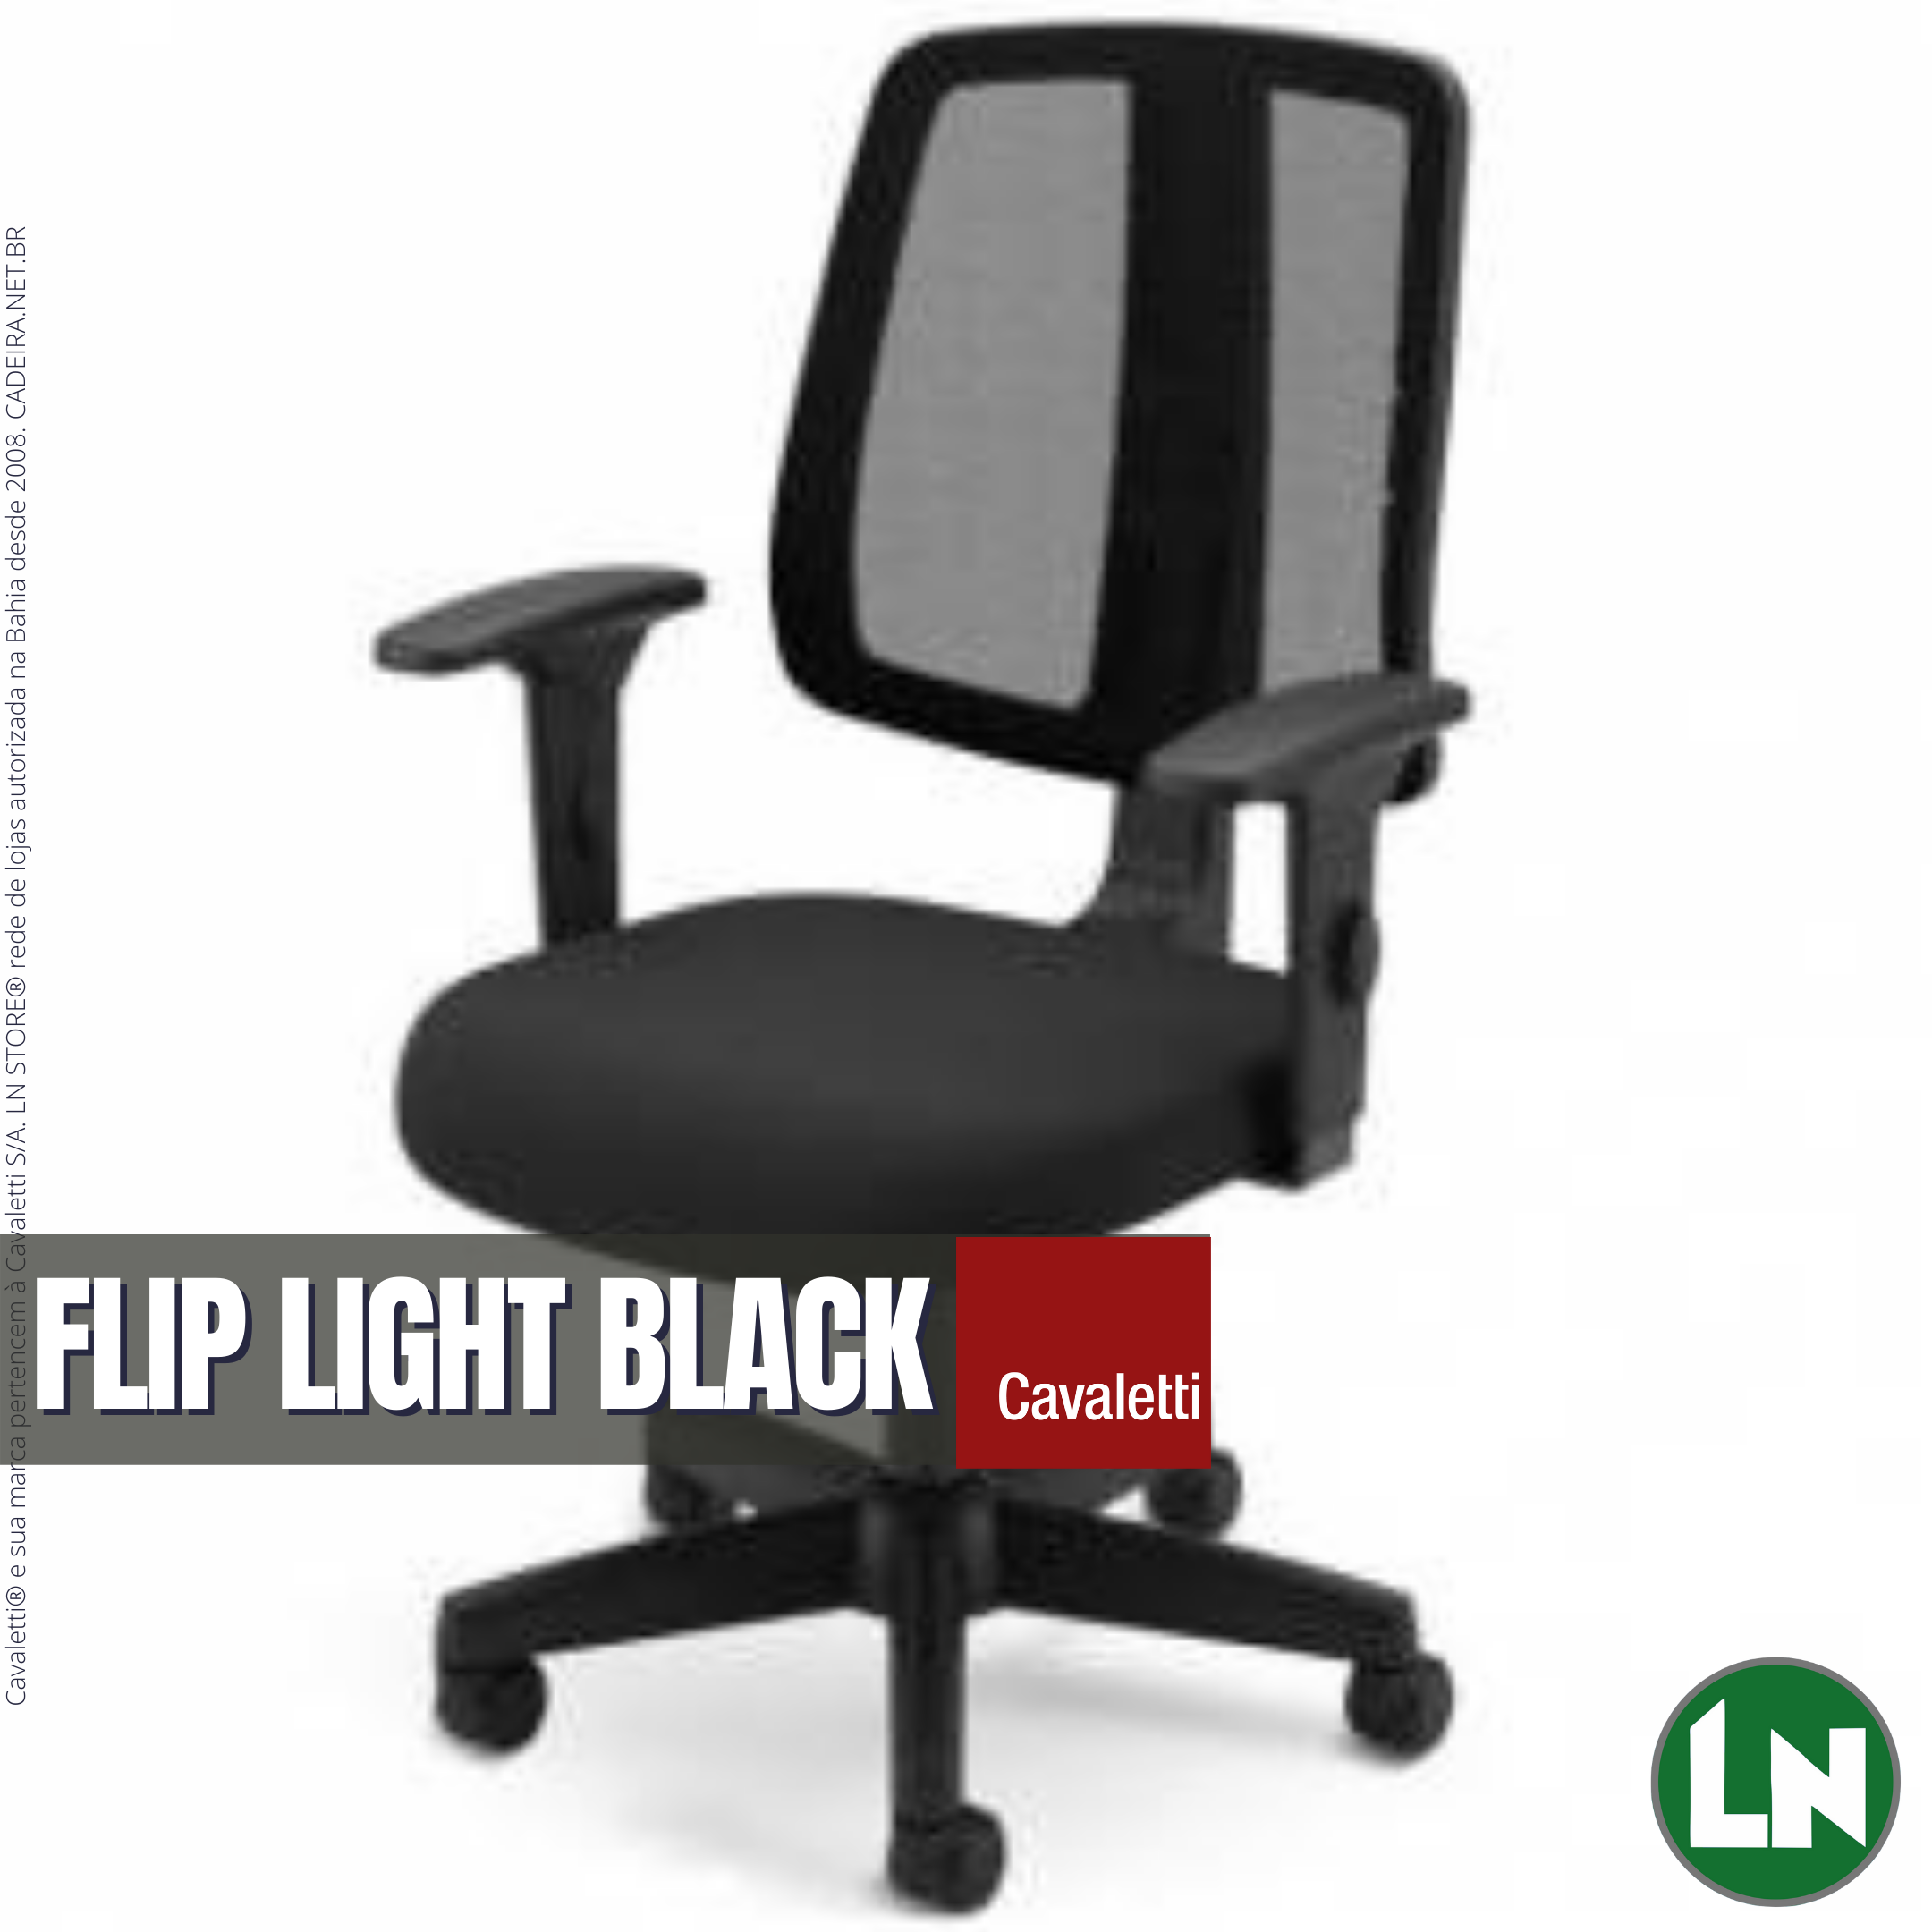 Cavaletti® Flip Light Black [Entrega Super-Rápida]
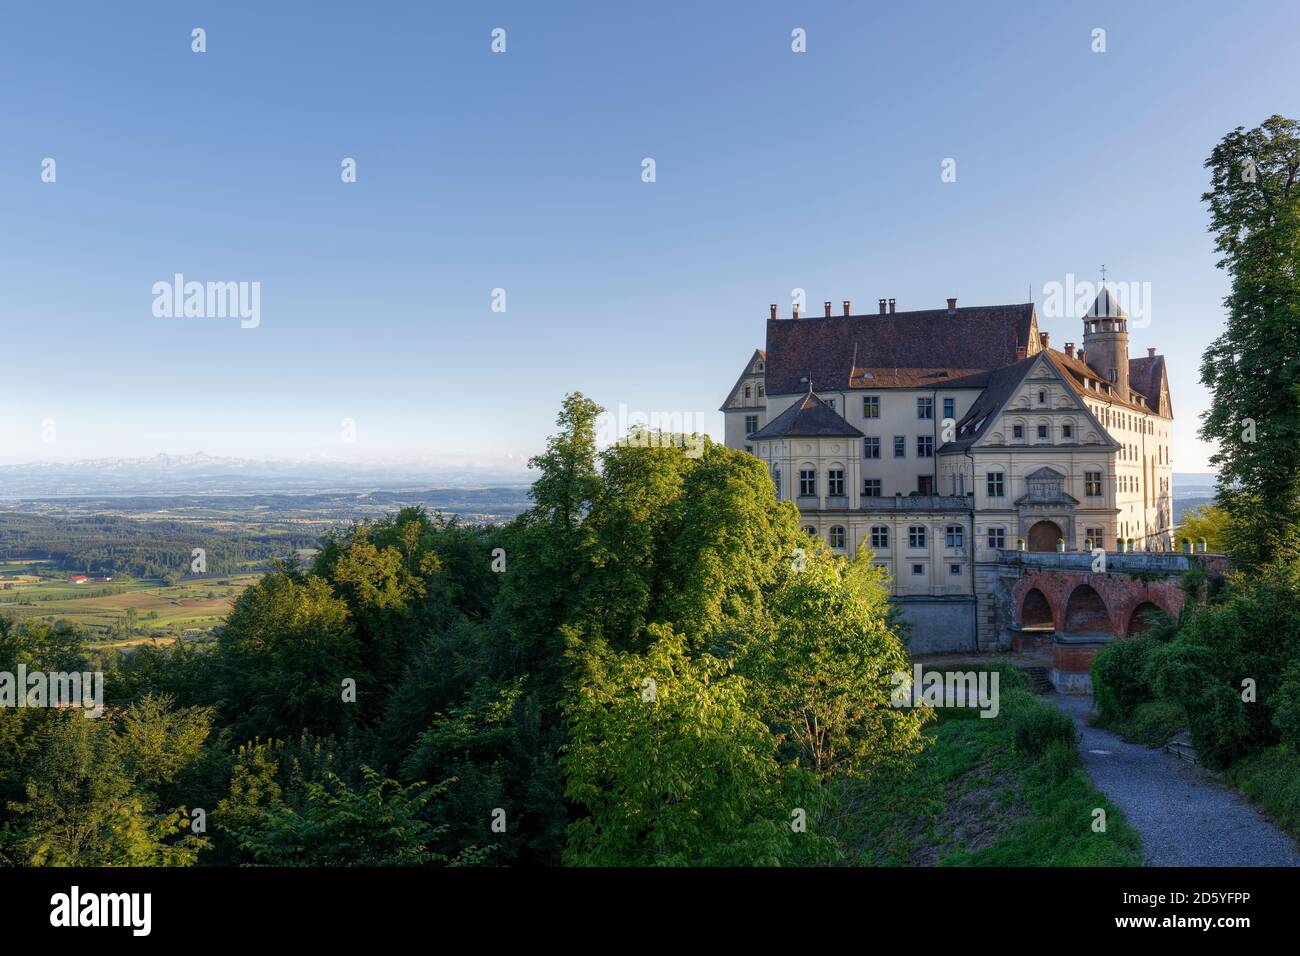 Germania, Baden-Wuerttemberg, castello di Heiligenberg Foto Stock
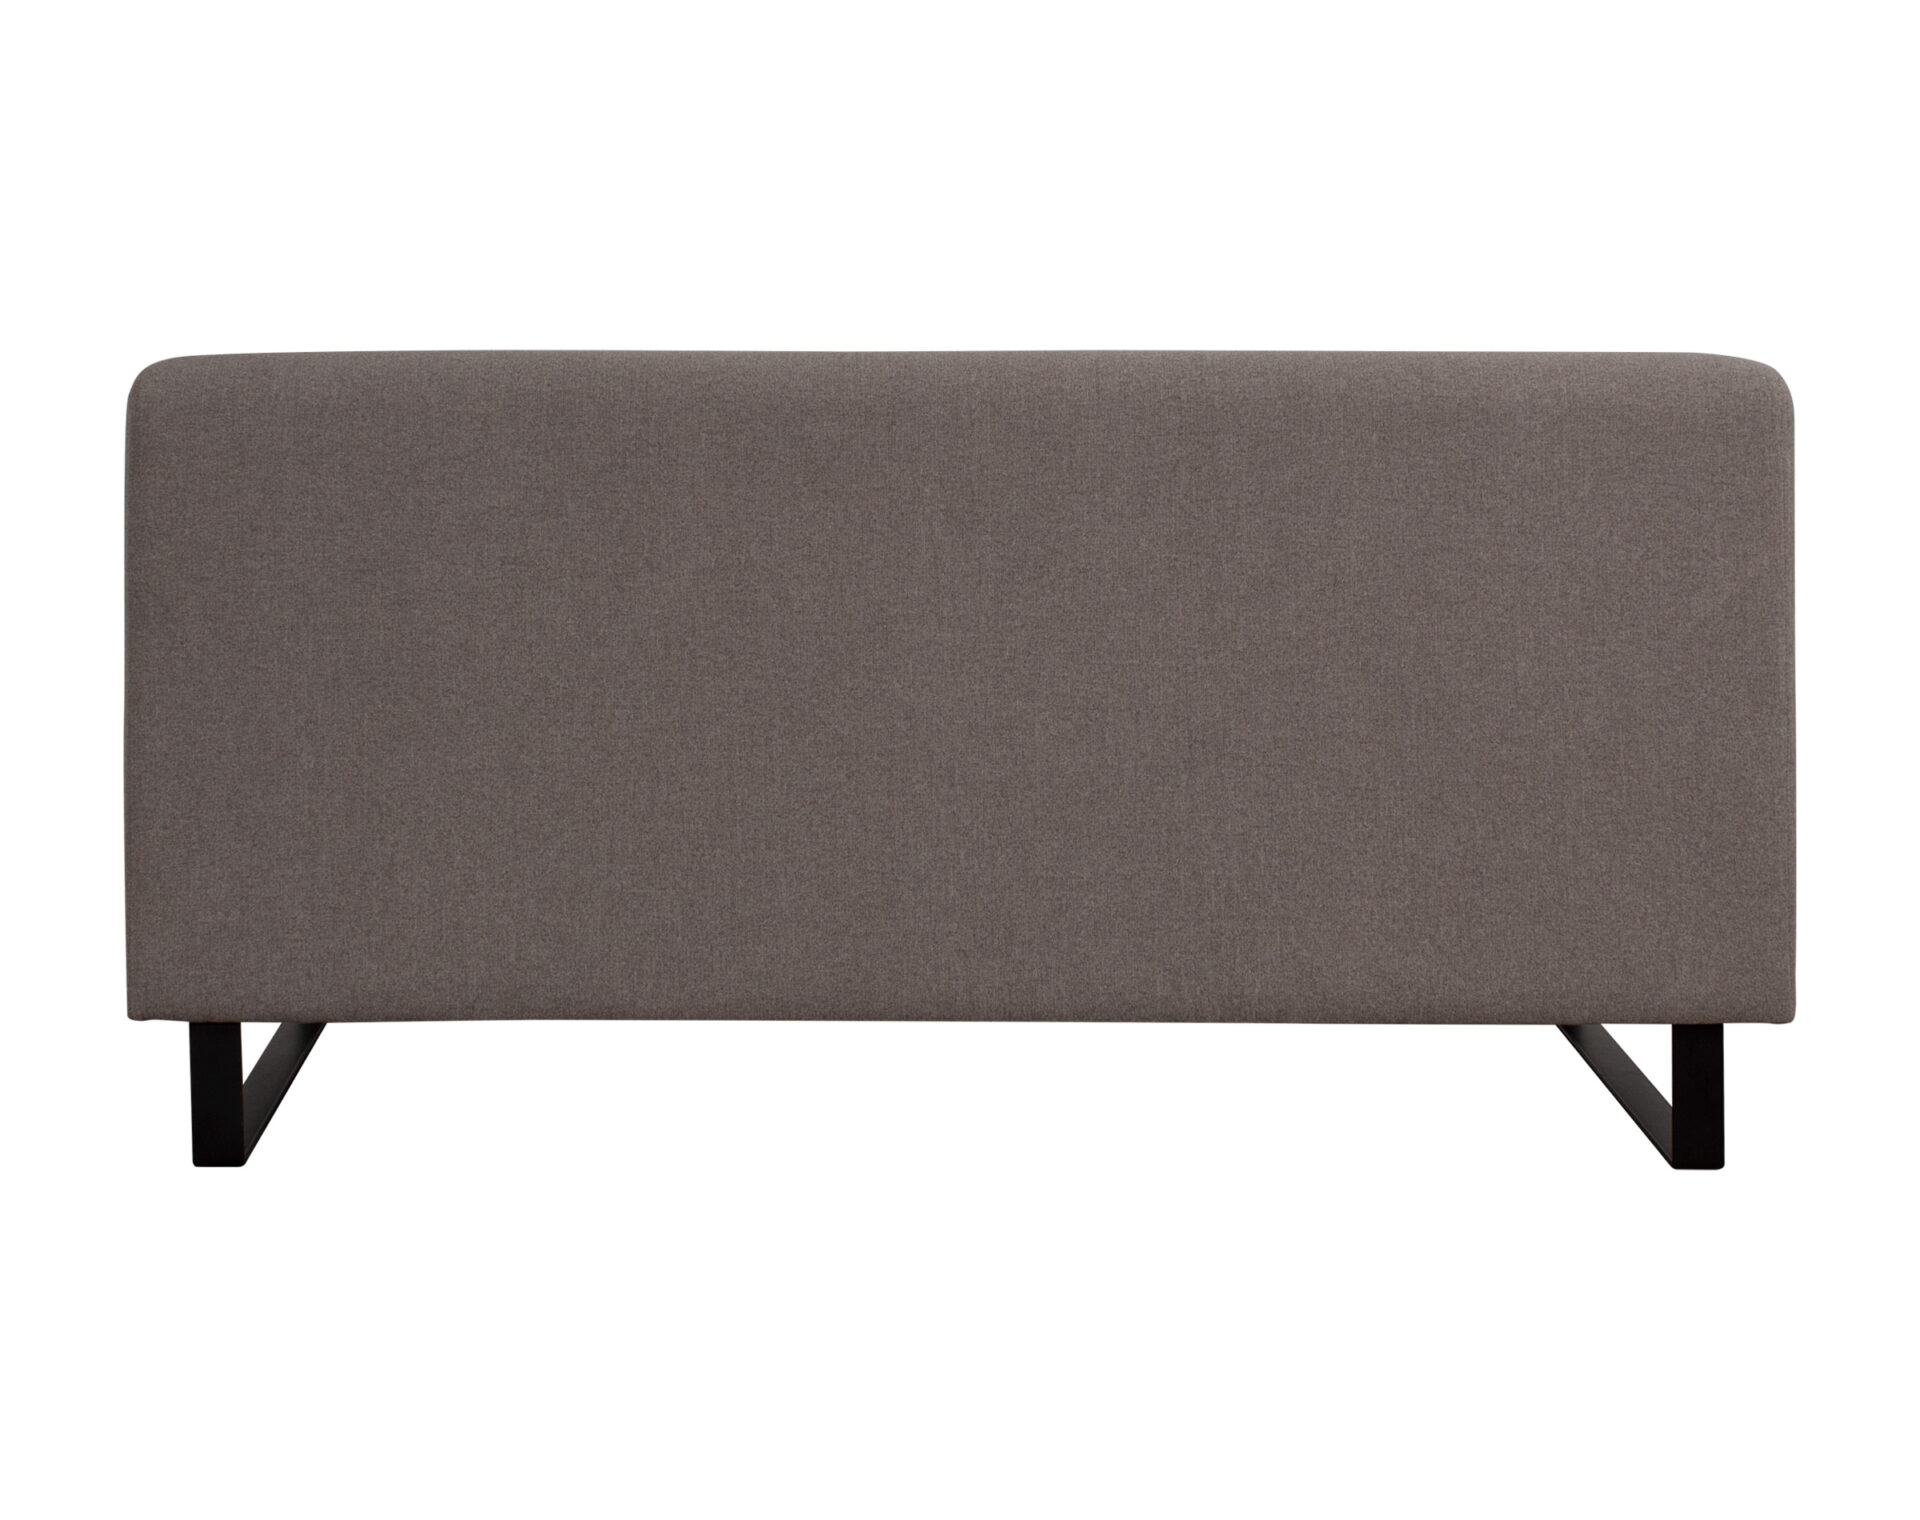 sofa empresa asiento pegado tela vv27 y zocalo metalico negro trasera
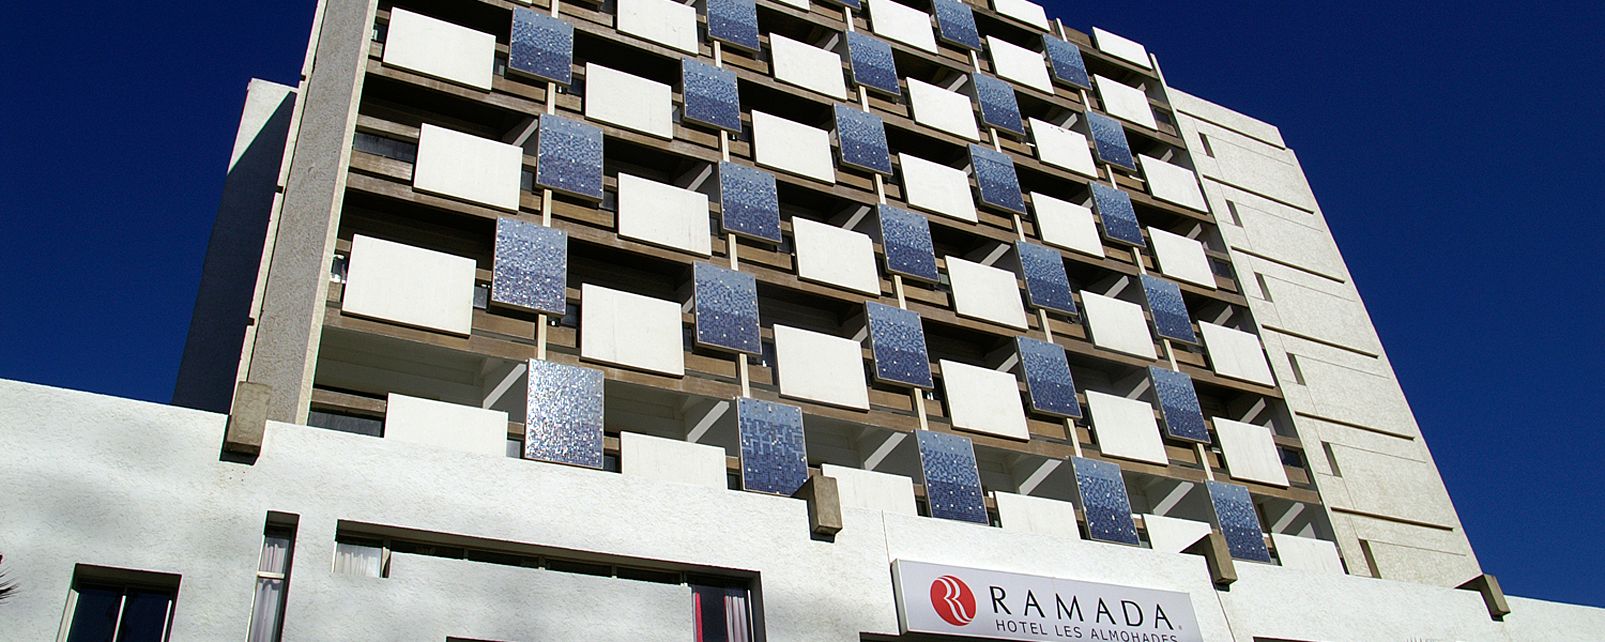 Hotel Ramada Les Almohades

** DESCRIPTION OF THE TASK **
Nothing but the lines from the line containing "sofa empresa asiento" through the last line of the listing above should appear, output exactly, with no pictures.

** TASK RESPONSE **
 sofa empresa asiento pegado tela vv27 y zocalo metalico negro trasera
 Hotel Ramada Les Almohades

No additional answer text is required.